What to work on
Repeat the data verbatim, images excluded.

Data extract section start

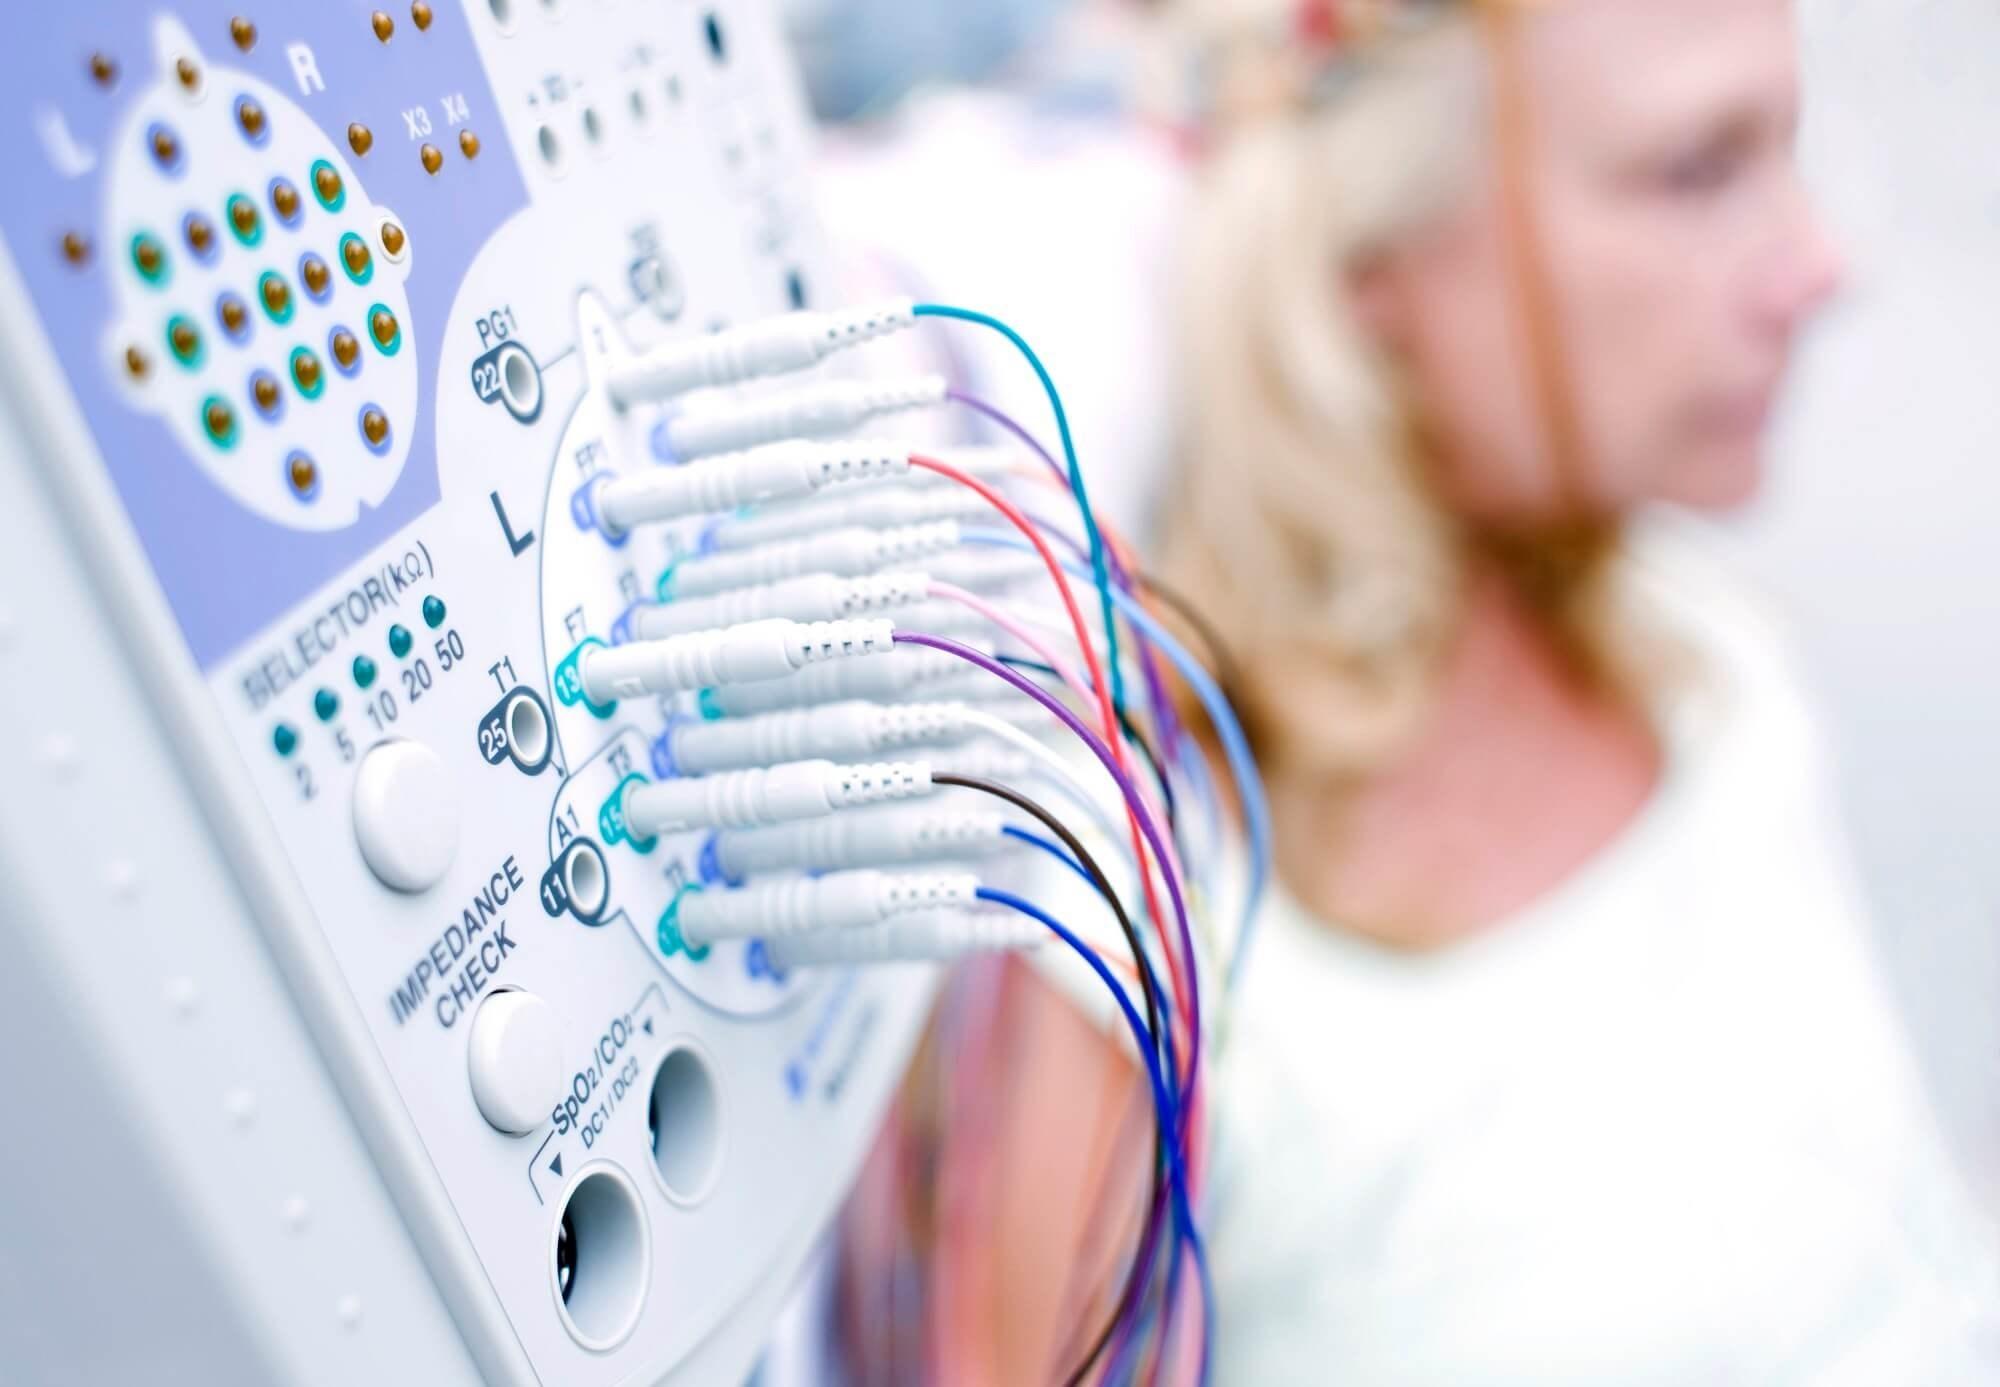 Quantitative EEG Offers Effective Detection of Parkinson Disease Biomarkers
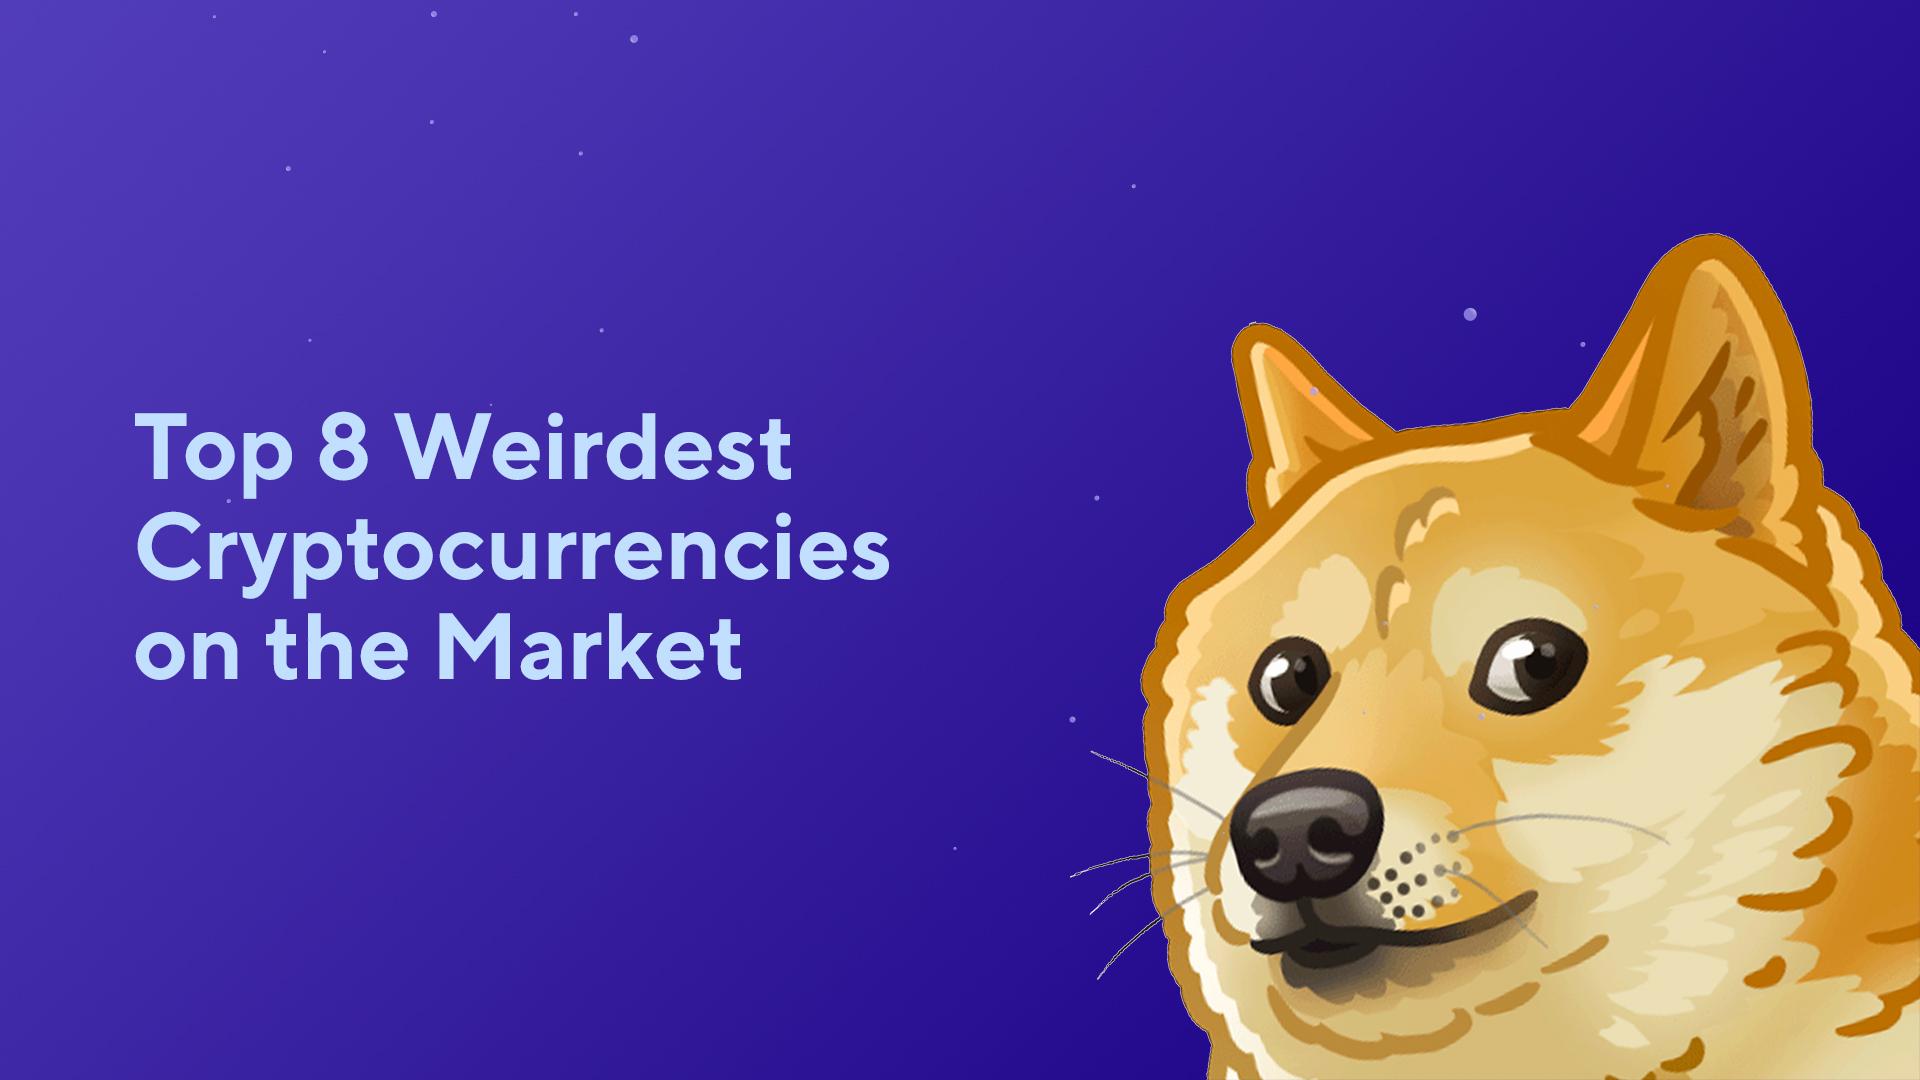 Top 8 Weirdest Cryptocurrencies on the Market
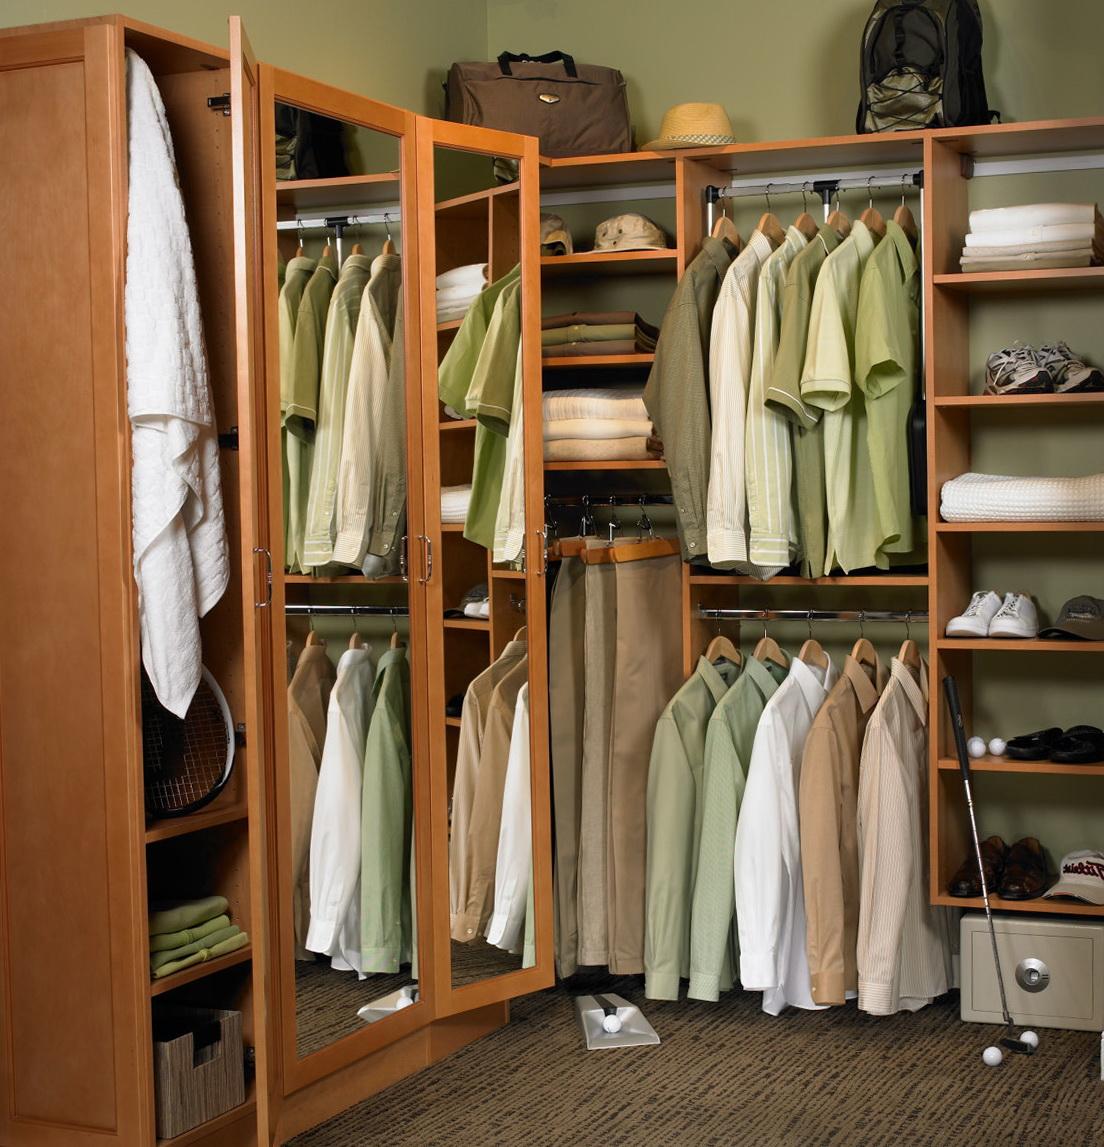 Diy Open Closet Ideas
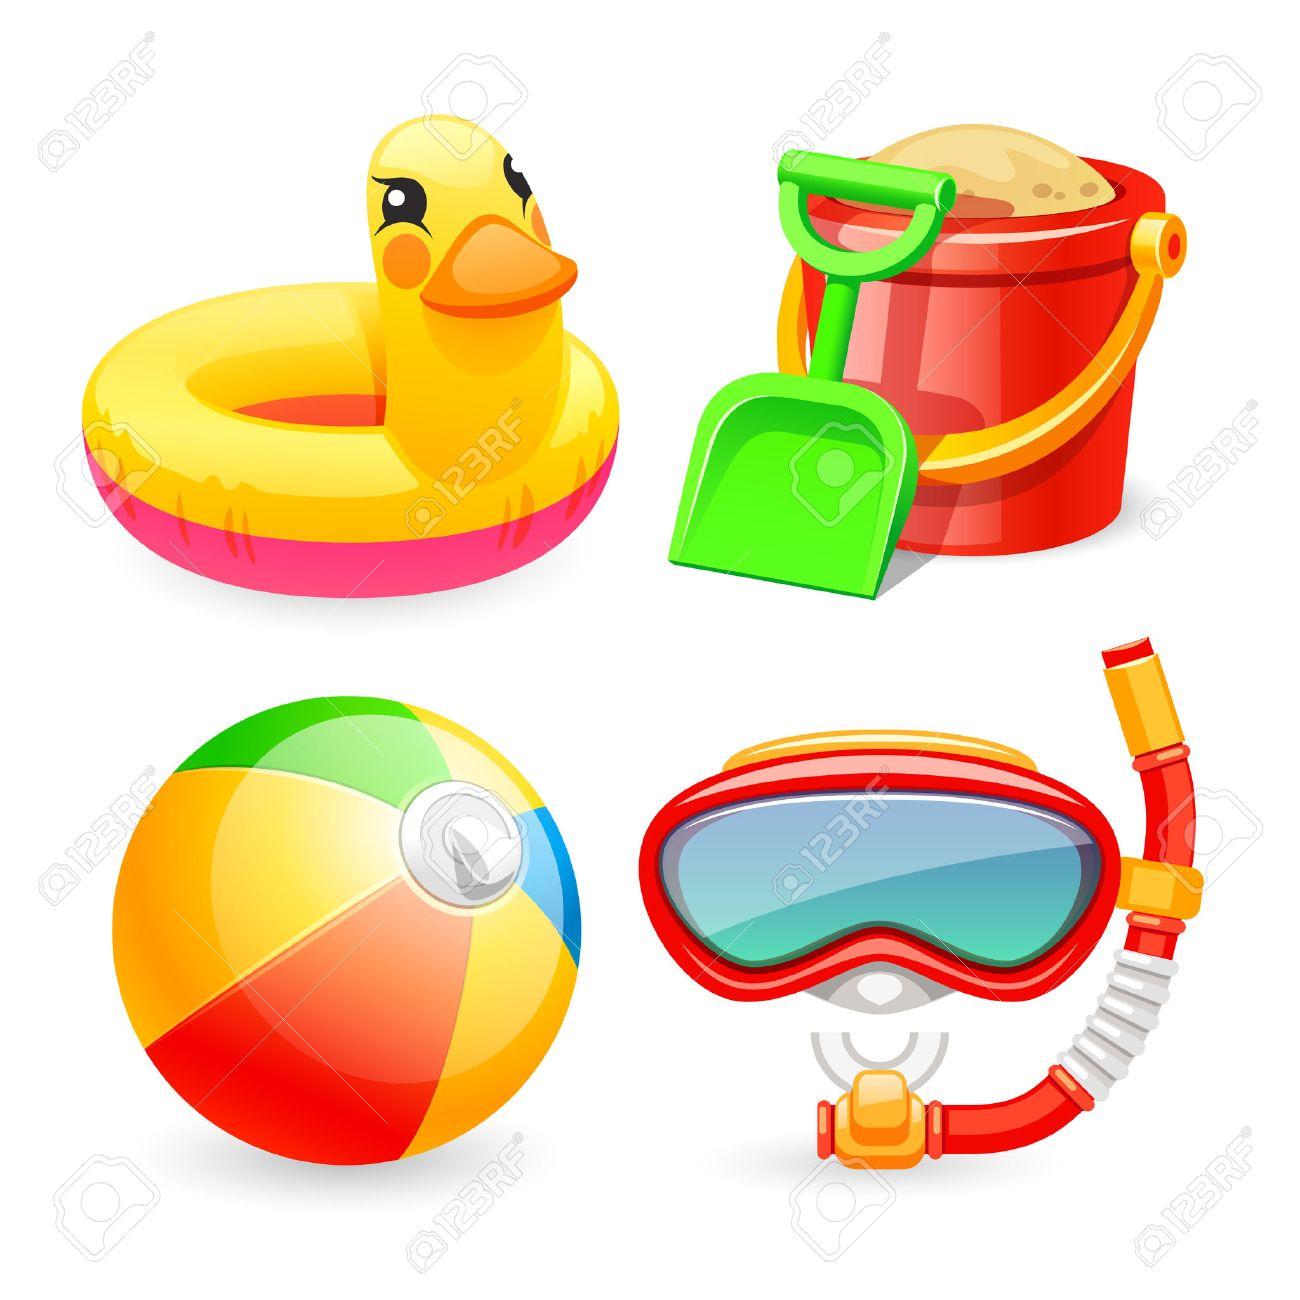 Beach toys clipart 6 » Clipart Station.

Data extract section end

Solution to this problem
 Quantitative EEG Offers Effective Detection of Parkinson Disease Biomarkers
 Top 8 Weirdest Cryptocurrencies on the Market
 Diy Open Closet Ideas
 Beach toys clipart 6 » Clipart Station.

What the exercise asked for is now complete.